The Advanced Analytics MQ evolved into the "Data Science and Machine Learning Platforms" MQ, reflecting the shift from statistical analysis to machine learning. By 2024, Gartner was publishing separate analyses for AI Developer Technologies, Conversational AI Platforms, Generative AI, Cloud AI Services, and more.

Each split follows the same pattern we saw in 2014. A technology category grows until the participants are too diverse to evaluate on a single set of criteria. Gartner creates a new report, which creates a new set of Leaders and Challengers, which drives a new wave of enterprise purchasing decisions. The analyst influence we wrote about in 2014 has multiplied alongside the number of reports.

Traditional BI's Long Decline

The traditional BI vendors that dominated the pre-split Magic Quadrant have had a rough decade. SAP's analytics story has been a confusing progression through BusinessObjects, Lumira, Analytics Cloud, and SAC. IBM sold off much of its analytics business. Oracle's analytics products exist but have lost mindshare. MicroStrategy pivoted to a Bitcoin holding company (yes, really -- they spent over $4 billion on Bitcoin starting in 2020, which was a more exciting story than their BI software).

The exception is Microsoft, which straddled both sides of the market. Power BI competed on the modern analytics side while Azure ML and the broader Microsoft AI stack competed on the advanced analytics and AI side. Their integrated approach -- plus aggressive pricing -- made them the dominant player across multiple Gartner categories.

Where the Market Stands in 2026

Today I'd describe three distinct tiers in what used to be the unified "BI" market:

The first tier is reporting and dashboards -- the traditional BI use case. This is largely commoditized. Power BI owns the mass market. Tableau owns the premium segment.
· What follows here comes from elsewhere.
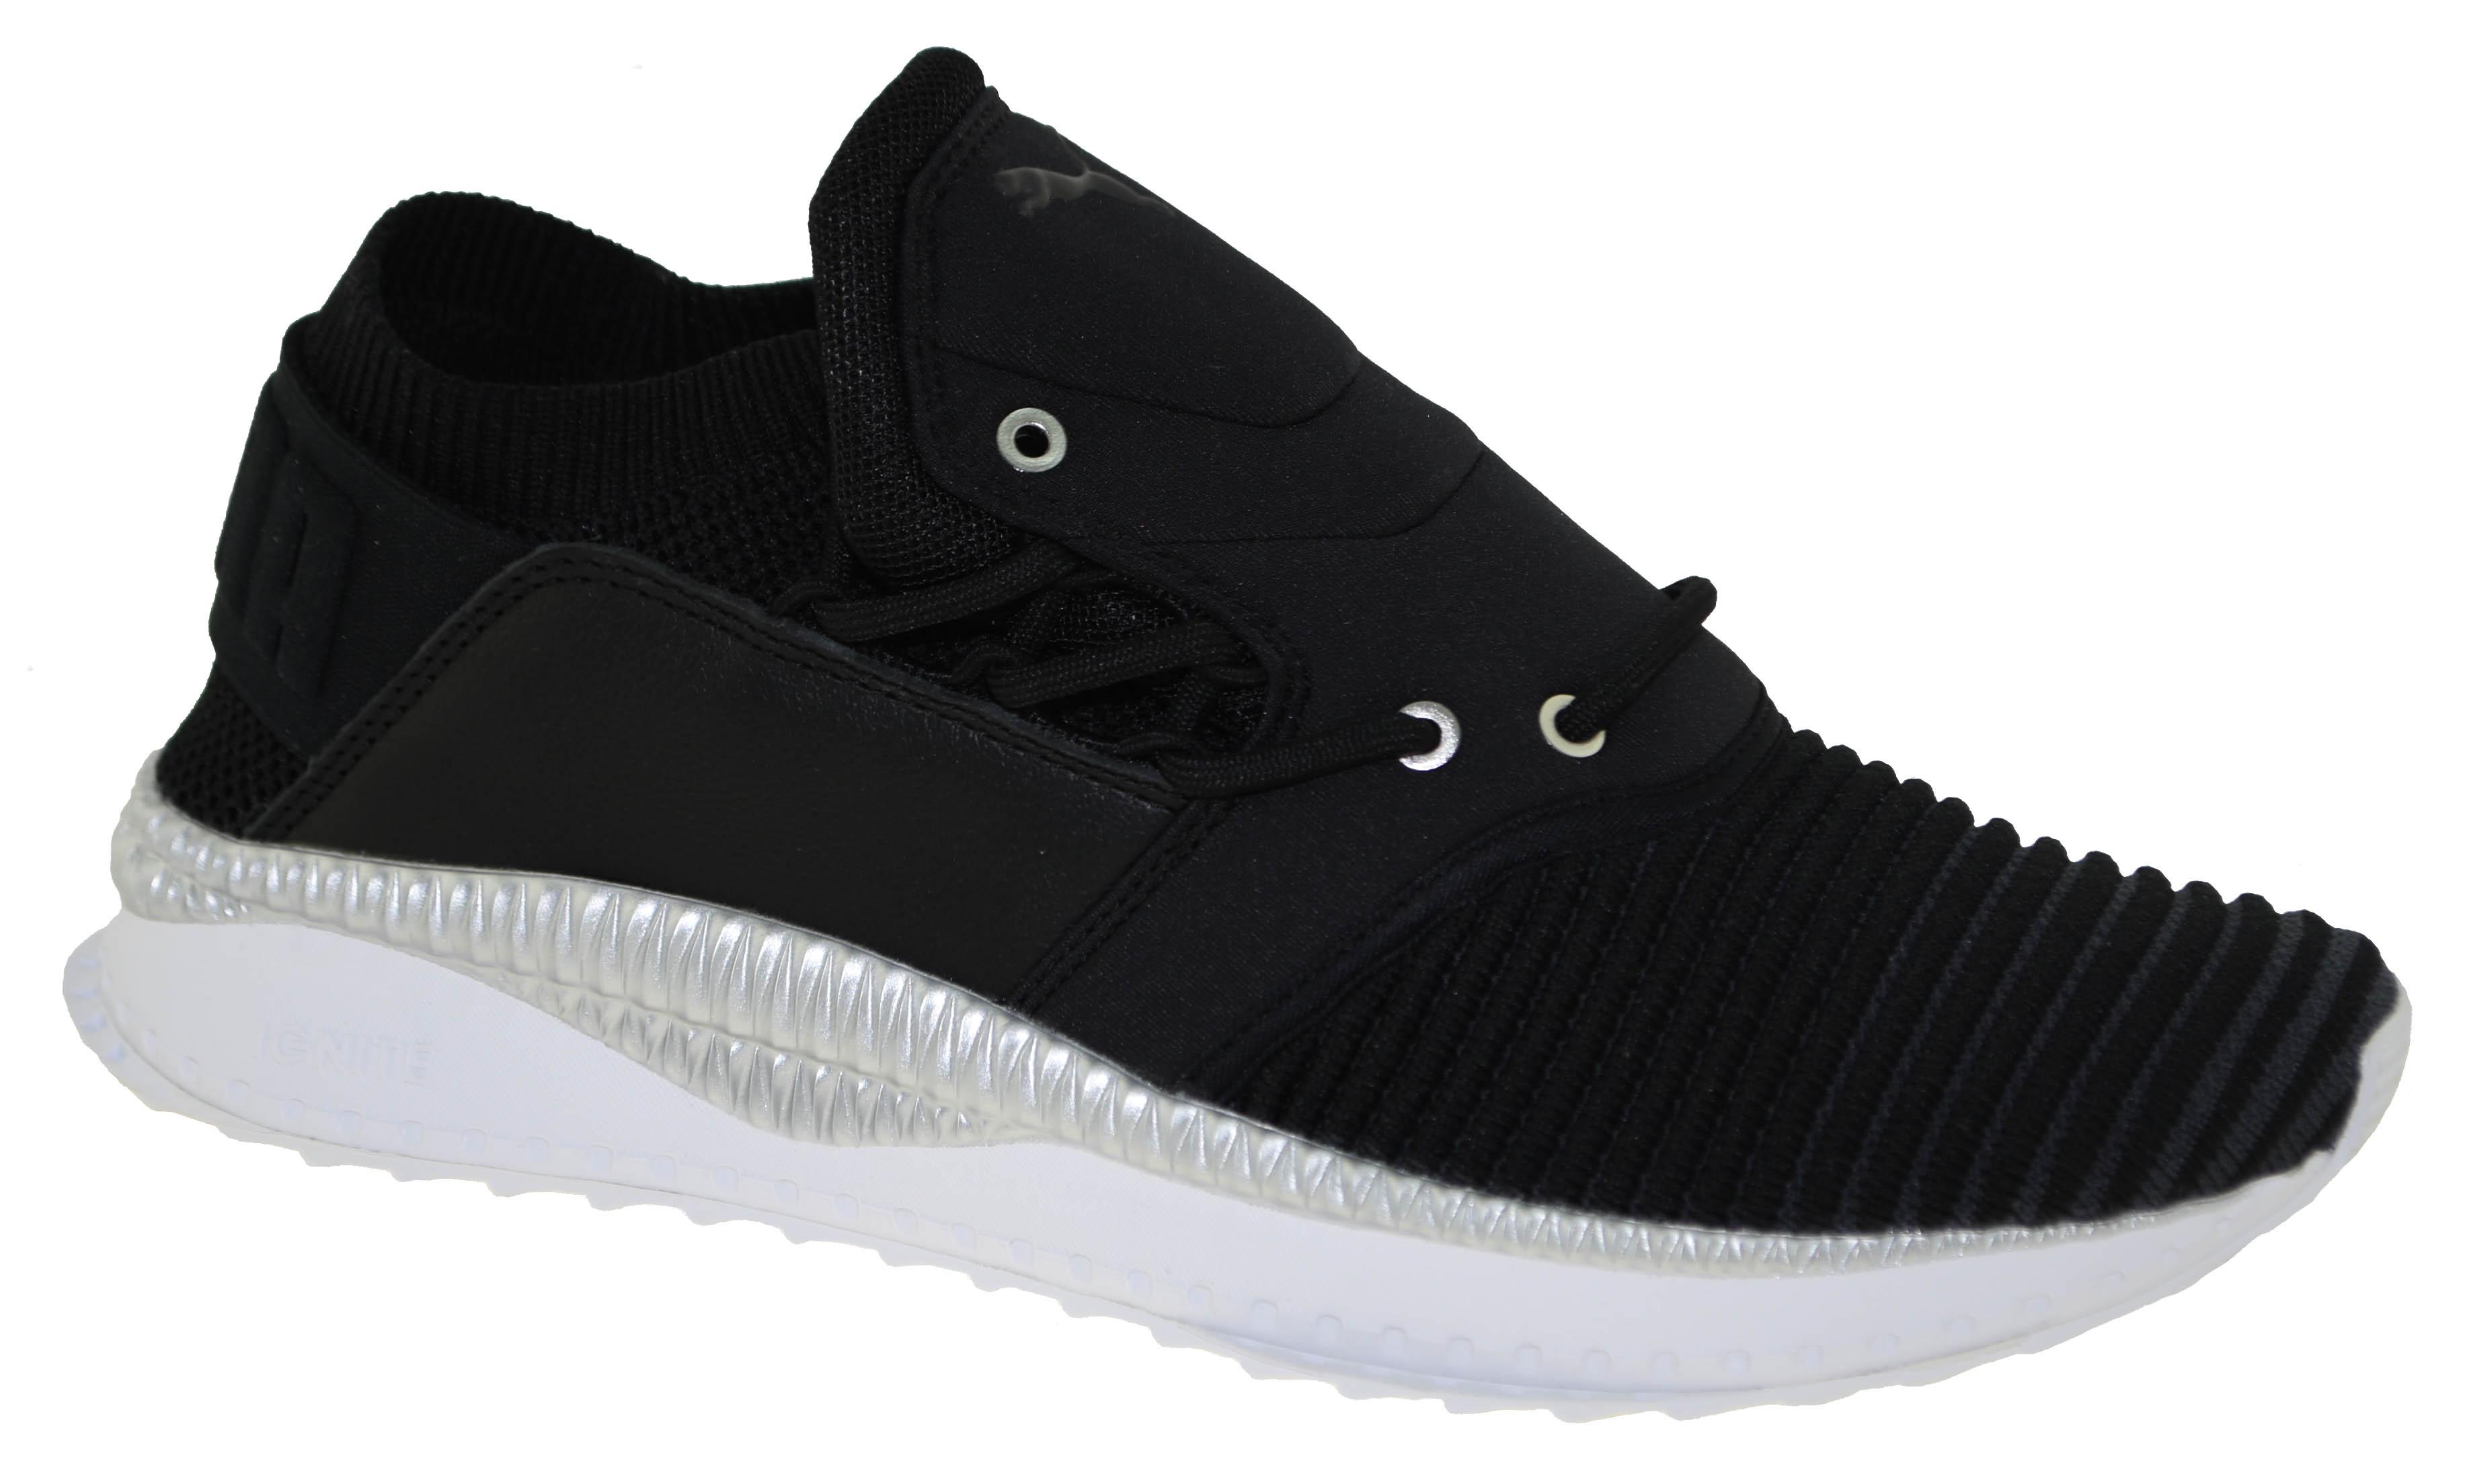 Tsugi Shinsei Running Shoes Black

Everyone else fights for niches.

The second tier is analytics platforms -- self-service exploration, augmented analytics, AI copilots. This is where the competition is hottest and where the most innovation is happening. Databricks, Snowflake, and the cloud data platforms are pulling analytics capability into their own offerings, which threatens the standalone tools.
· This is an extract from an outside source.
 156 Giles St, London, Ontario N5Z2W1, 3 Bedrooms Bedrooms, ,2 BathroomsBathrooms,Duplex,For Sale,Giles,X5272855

The third tier is AI/ML platforms -- model building, training, deployment, and monitoring. This is where the real growth is, and it's a completely different buyer (data science teams, ML engineers) with completely different evaluation criteria. SageMaker, Vertex AI, Azure ML, and Databricks compete here.

The progression from one unified market in 2013 to three distinct tiers in 2026 was predictable in hindsight. We saw the first split coming in 2014. The question now is whether AI capabilities will collapse these tiers back together or push them further apart.